徹底して山形に密着したフリーペーパー

グリーン・ワーク・コーポレーション(山形市)社長 小川 一喜さん

2021年11月26日
小川 一喜(おがわ・かずよし) 1974年(昭和49年)山形市生まれ。市立五小→同一中→山形商を経て薬品卸、ハウスメーカーなどに勤めた後、2013年に造園や外構工事を手掛けるグリーン・ワーク・コーポレーションを設立して社長に。社会の高齢化やコロナ禍などにより、20年から顧客からの要望に応える形で庭じまい、不用品の回収など〝つなぐ〟サービスの提供に乗り出している。47歳。
グリーン・ワーク・コーポレーション(山形市)社長 小川 一喜さん

時代の要請で始めた新サービス
  価値あるものを次世代につなぐ

――〝庭じまい〟の仕事が増えているとか。

庭造りから庭じまいへ

 「庭造りをお手伝いしたお宅にうかがって、春は消毒、夏は剪定、冬は雪囲いというのがわれわれのルーティンの仕事です。それ以外のお庭の日々のお手入れは顧客がご自身でされるということになりますが」
 「昨今は、年をとって足腰が弱くなり、手入れが重荷になってきたと訴える方が増えてきています。少子高齢化が進み、家を引き継ぐ人がいないと庭も保てないということになってきます」
 「庭造りを業としている立場としては、そこで仕事が途絶えてしまうことになるし、丹精込めた庭を整理することはツラいことですが、〝庭じまい〟は〝墓じまい〟と同様、これからは避けられない問題になってくるんでしょうね」
――なるほどねえ。
 「〝終活〟の一環ともいえそうです」

依頼に応え不用品回収も

――でも庭じまいは造園業の延長としても、不用品回収の方は…。 
 「去年までは未知の分野でした。それが造園や外構の仕事でお宅巡りをしている中で、『コロナ禍で子どもが県外から帰ってこれなくなって、家の片づけを頼めないか』という依頼があり、お困りならお手伝いしましょうと話が進んで」
 「その1件だけかと思ったら、次から次へと同様の依頼が寄せられるようになって。
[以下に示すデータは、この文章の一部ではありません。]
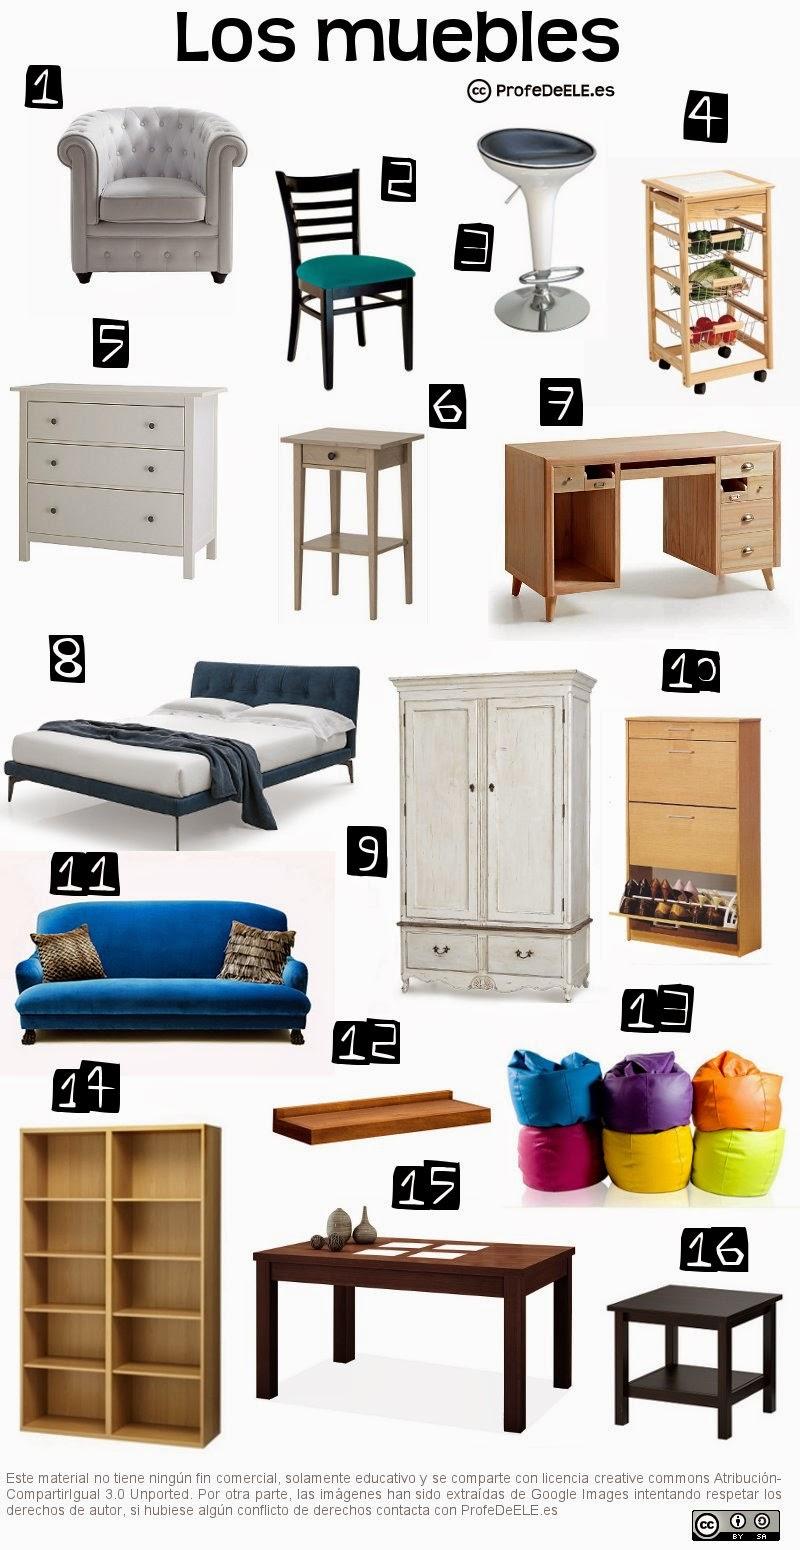 Vocabulario de los muebles de la casa - Hogar del mueble ingenio ...
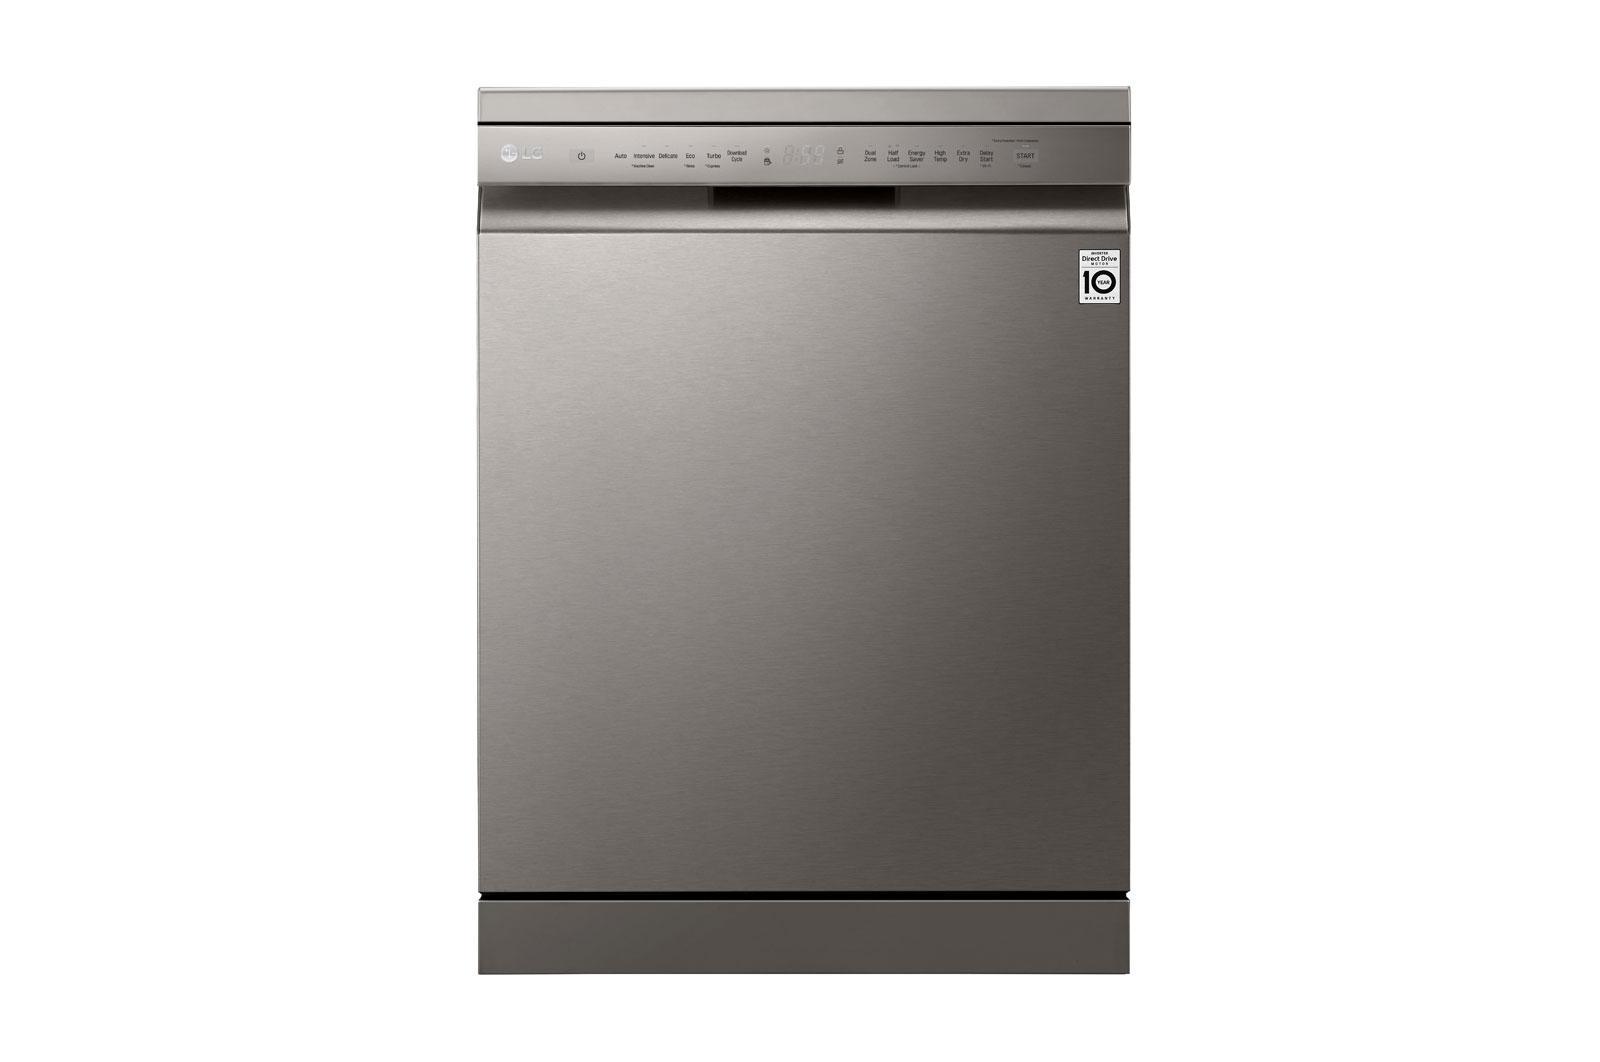 Πλυντήριο Πιάτων με τεχνολογία QuadWash™ - DF212FP main image

恥ずかしながら後で知ったことですが、不用品を処分したり売ったりするのに資格がいるんですね(苦笑)。それが分かって慌てて必要な古物商の免許を取得し、女性社員にも遺品整理士の資格をとらせて」
――そっちのニーズも増えていきそうですね。

前向きに取り組みたい

 「一般的には後ろ向きのビジネスと感じる人もいるでしょうが、やるからには前向きに取り組みたい。これは実際にあった話ですが…」
 「庭じまいで廃棄されるはずだった樹木をインスタにアップしたら引き取り手が見つかったり、ご主人が亡くなり、奥さんから『全部処分して』と言われた遺品の中から大切なものを見つけ出して感謝されたり」
――いい話だなあ。
 「そんなふうに、リサイクルできるものや大切な思い出を次世代へ〝つなぐ〟ことを使命にしたい。そうした意味を込めてサービスは『つなげっ隊』と命名しました」

いつかはお宝に

――テレビの「開運!なんでも鑑定団」とか見てると、時にもの凄いお宝と遭遇したり。